If you want to block this site from search results, use another method instead of creating this file for WordPress such as password protection or Noindex Meta Directive. Some search engines have a lot of User-agent. For example, Google uses Googlebot for free searches and Googlebot-Image for image searches.
Most User-agents from the same engine follow the same rule. Therefore you do not need to specify commands for each User-agent. However, doing this can still help you adjust the way the website content is indexed.

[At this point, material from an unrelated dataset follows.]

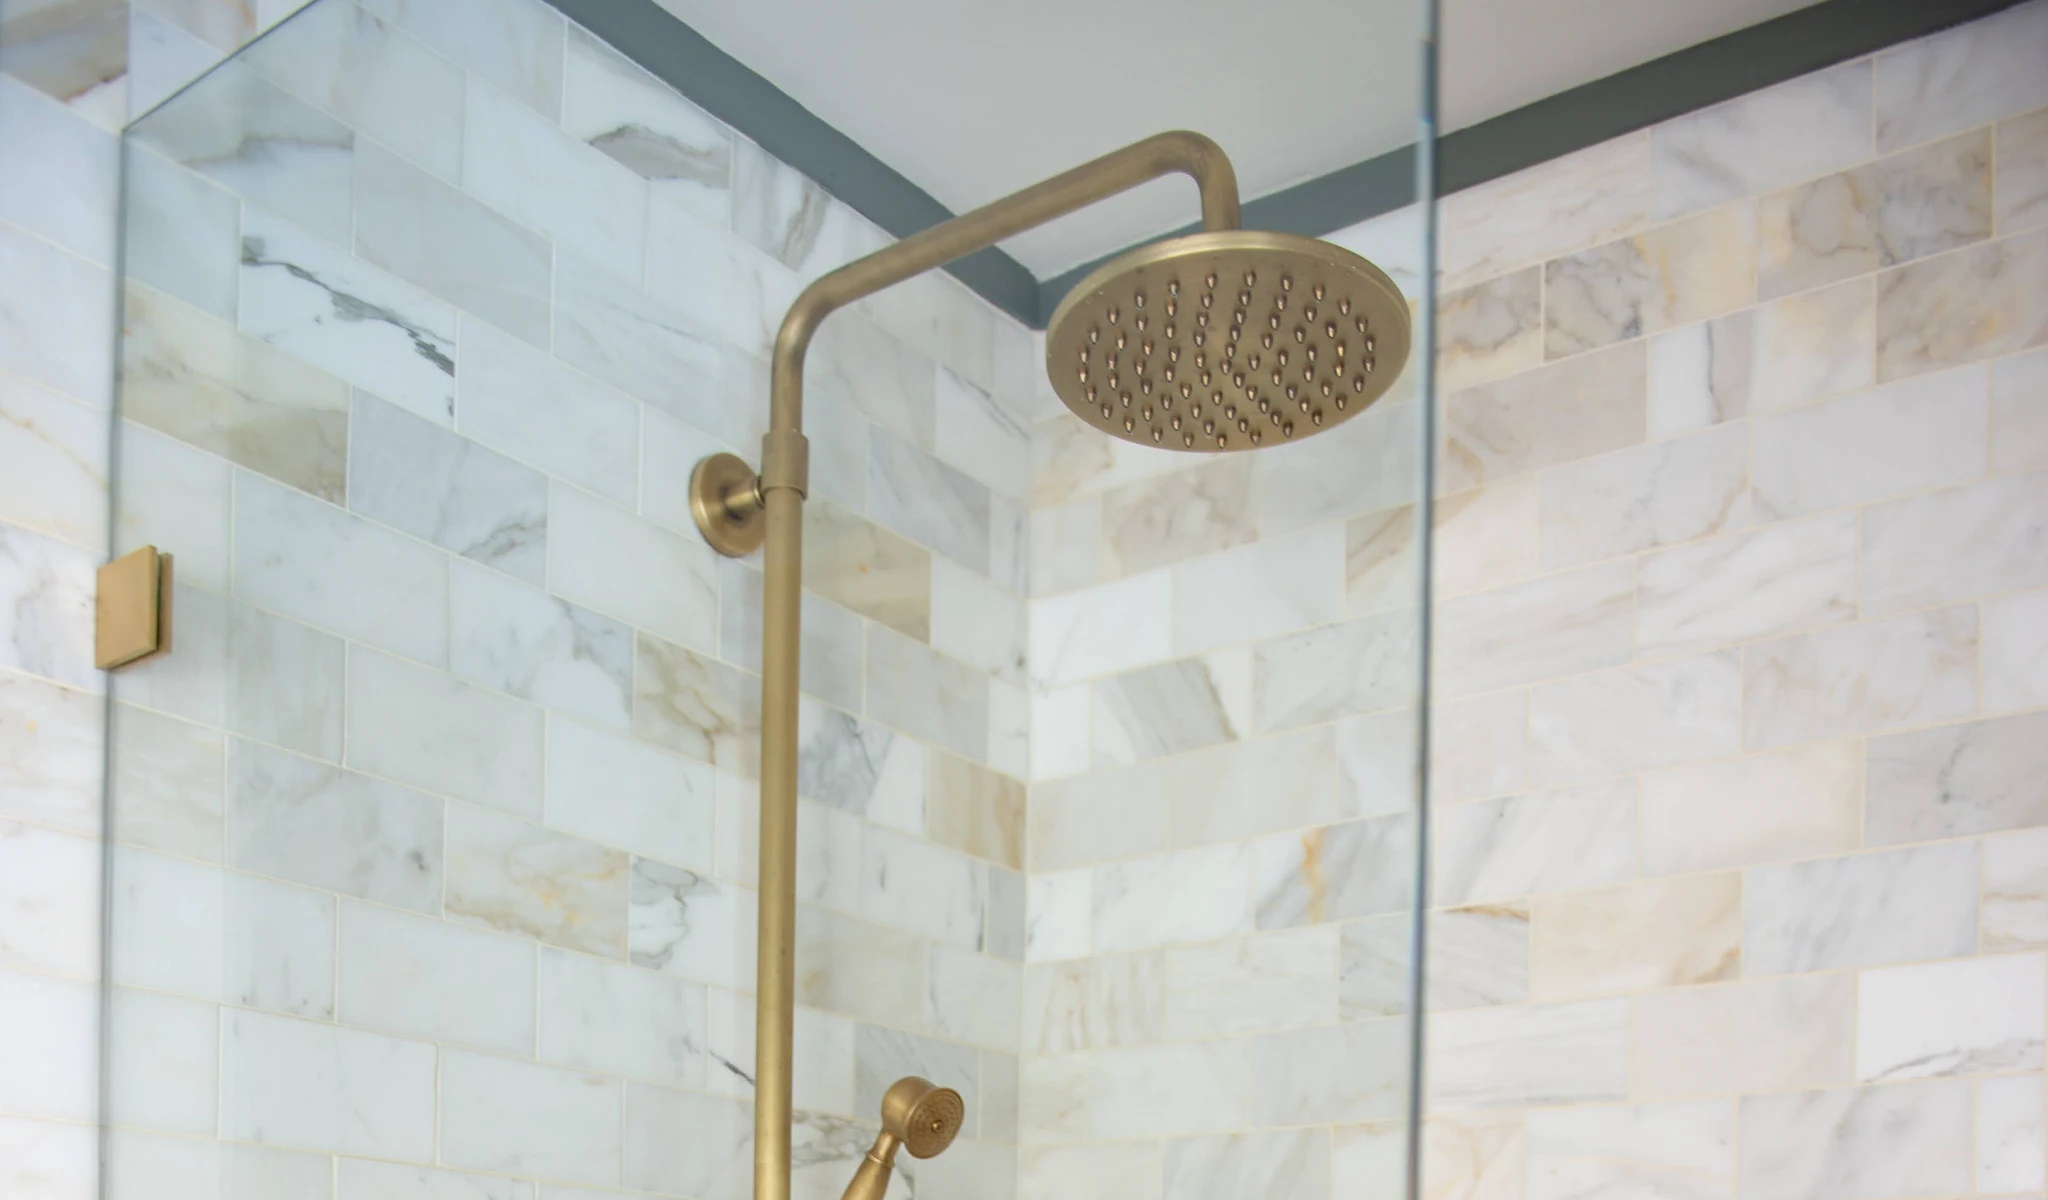 A shower with a brass shower head.
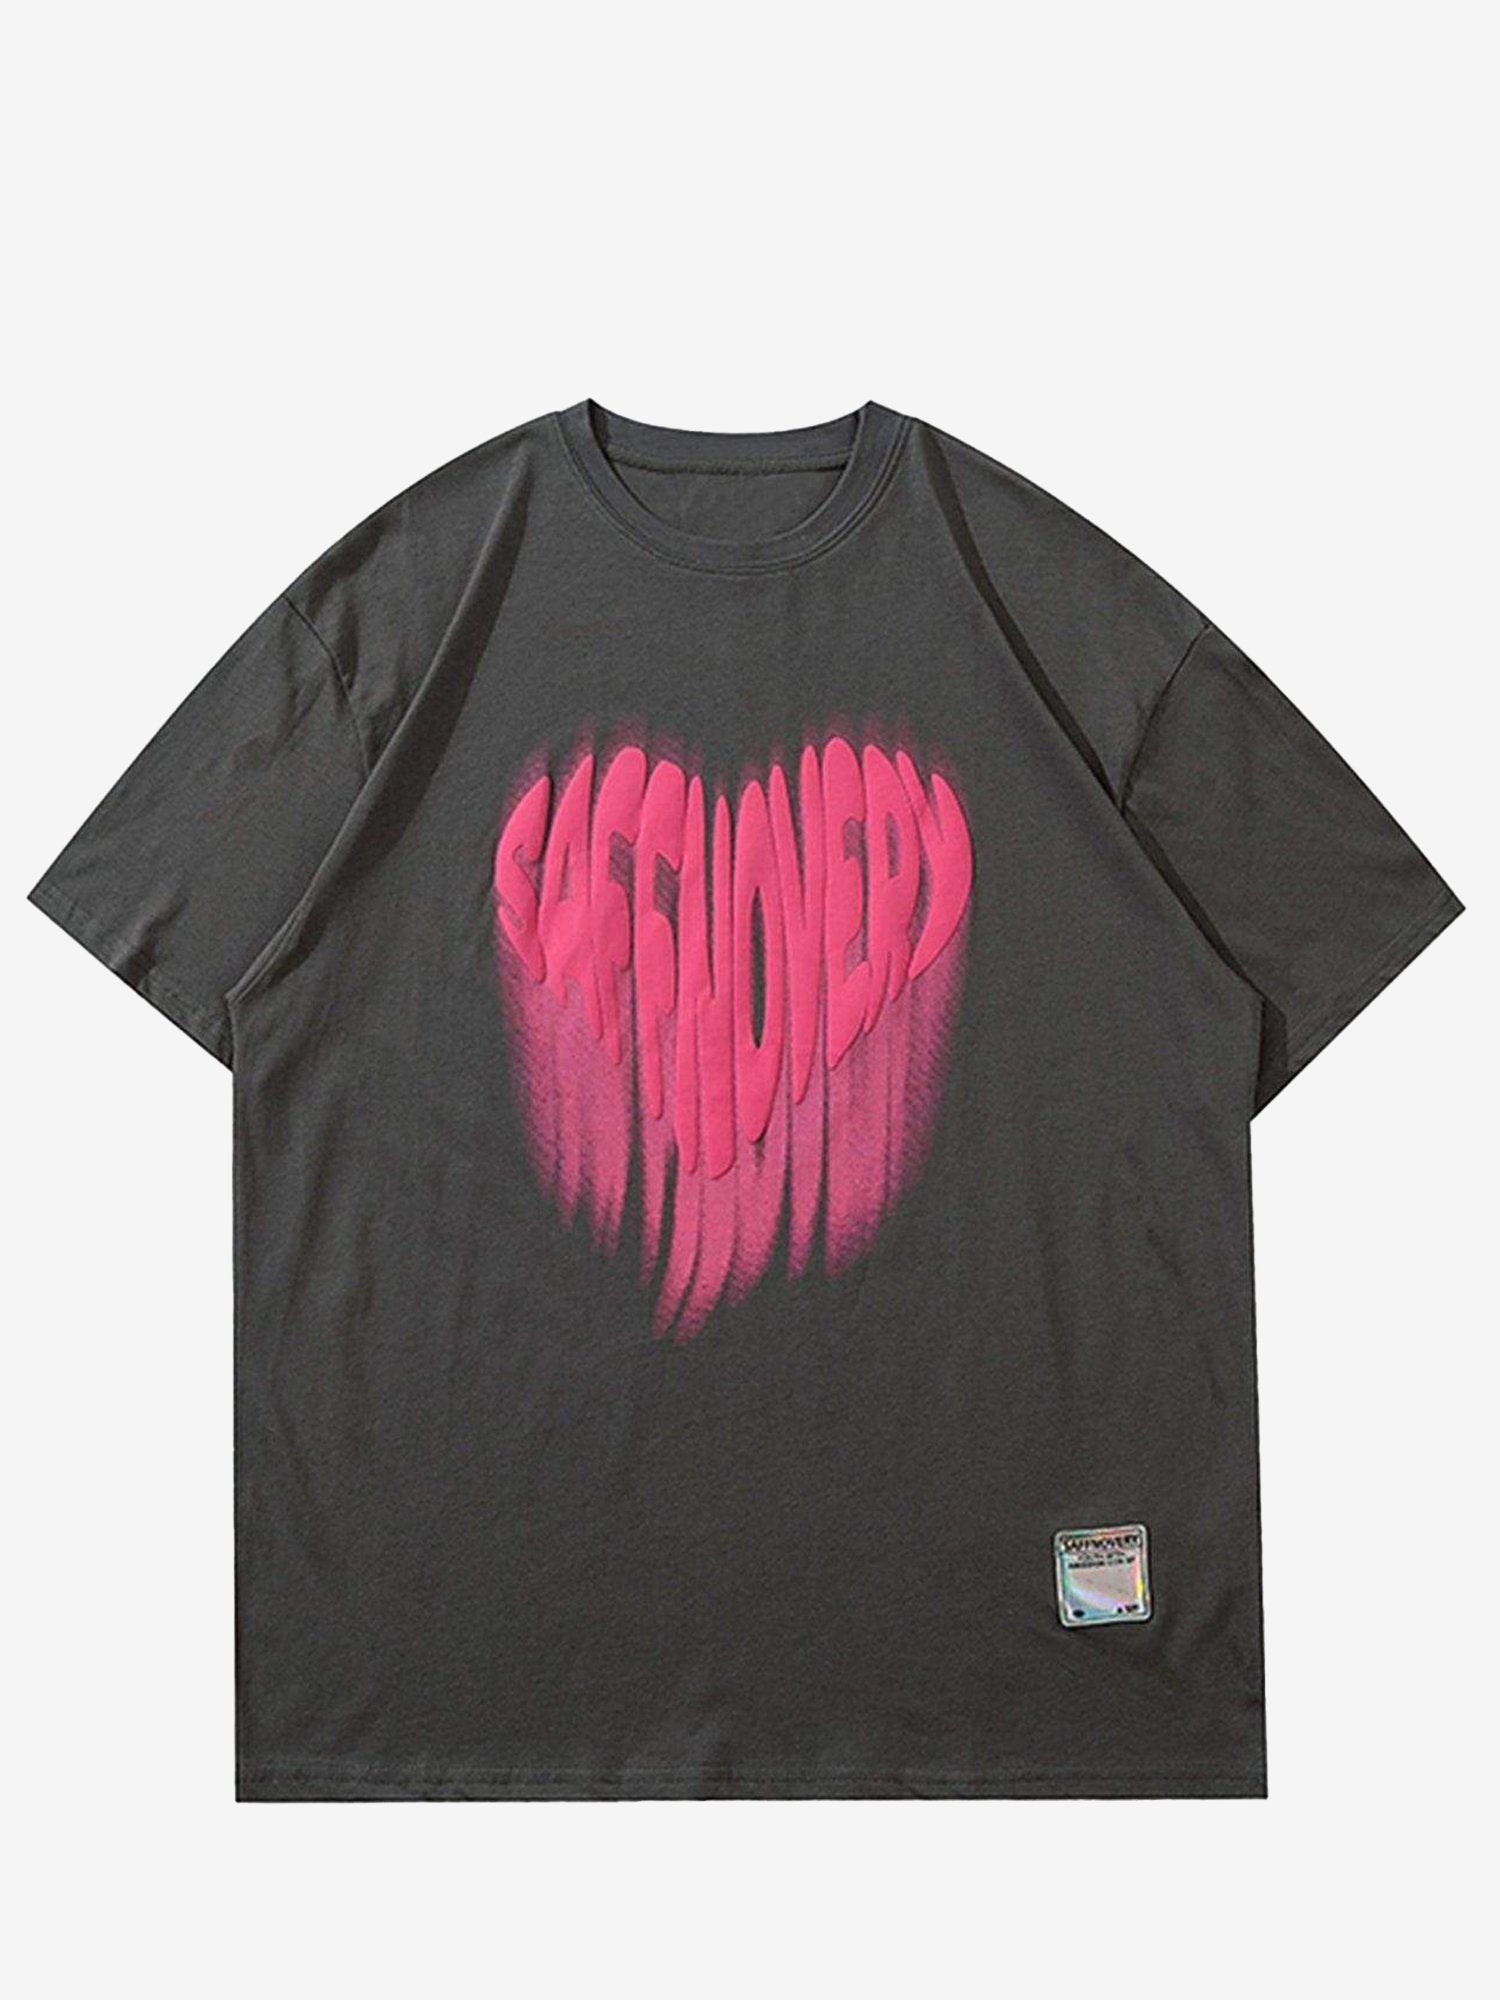 JUSTNOTAG Love Letter Graffiti T-shirts Oversize

Search engines will cache the content of the WordPress robots.txt file. However it still usually updates the content in the cache at least once a day. If you change files and want to update your files faster then immediately use the Submit function of the robots.txt File Inspector.
Frequently asked questions about robots.txt
Here are some frequently asked questions, which may be your questions about robots.txt now:
What is the maximum size of robots.txt file?
500 kilobytes (approx.).
Where is the WordPress robots.txt file located on the website?
At the location: domain.com/robots.txt.
How to edit robots.txt WordPress?
You can do it manually or use one of the many WordPress SEO plugins like Yoast which allows you to edit this file from the WordPress backend.
What if Disallow on Noindex content in robots.txt?
Google will never see the Noindex directive because it cannot crawl the page data.
I use the same robots.txt file for multiple sites. Can I use a full URL instead of a relative path?
No, the commands in it(except the Sitemap: code) only apply to relative paths.
How can I suspend all of my site’s crawling?
You can suspend all crawling by returning an HTTP 503 result code for every URL, including the robots.txt file. You should not change this file to block crawling.
Now it’s your turn! Do you know what robots.txt file is? Checked if my website has this file or not. Create and edit your own robots.txt WordPress file to help search engine bots crawl and index your site quickly.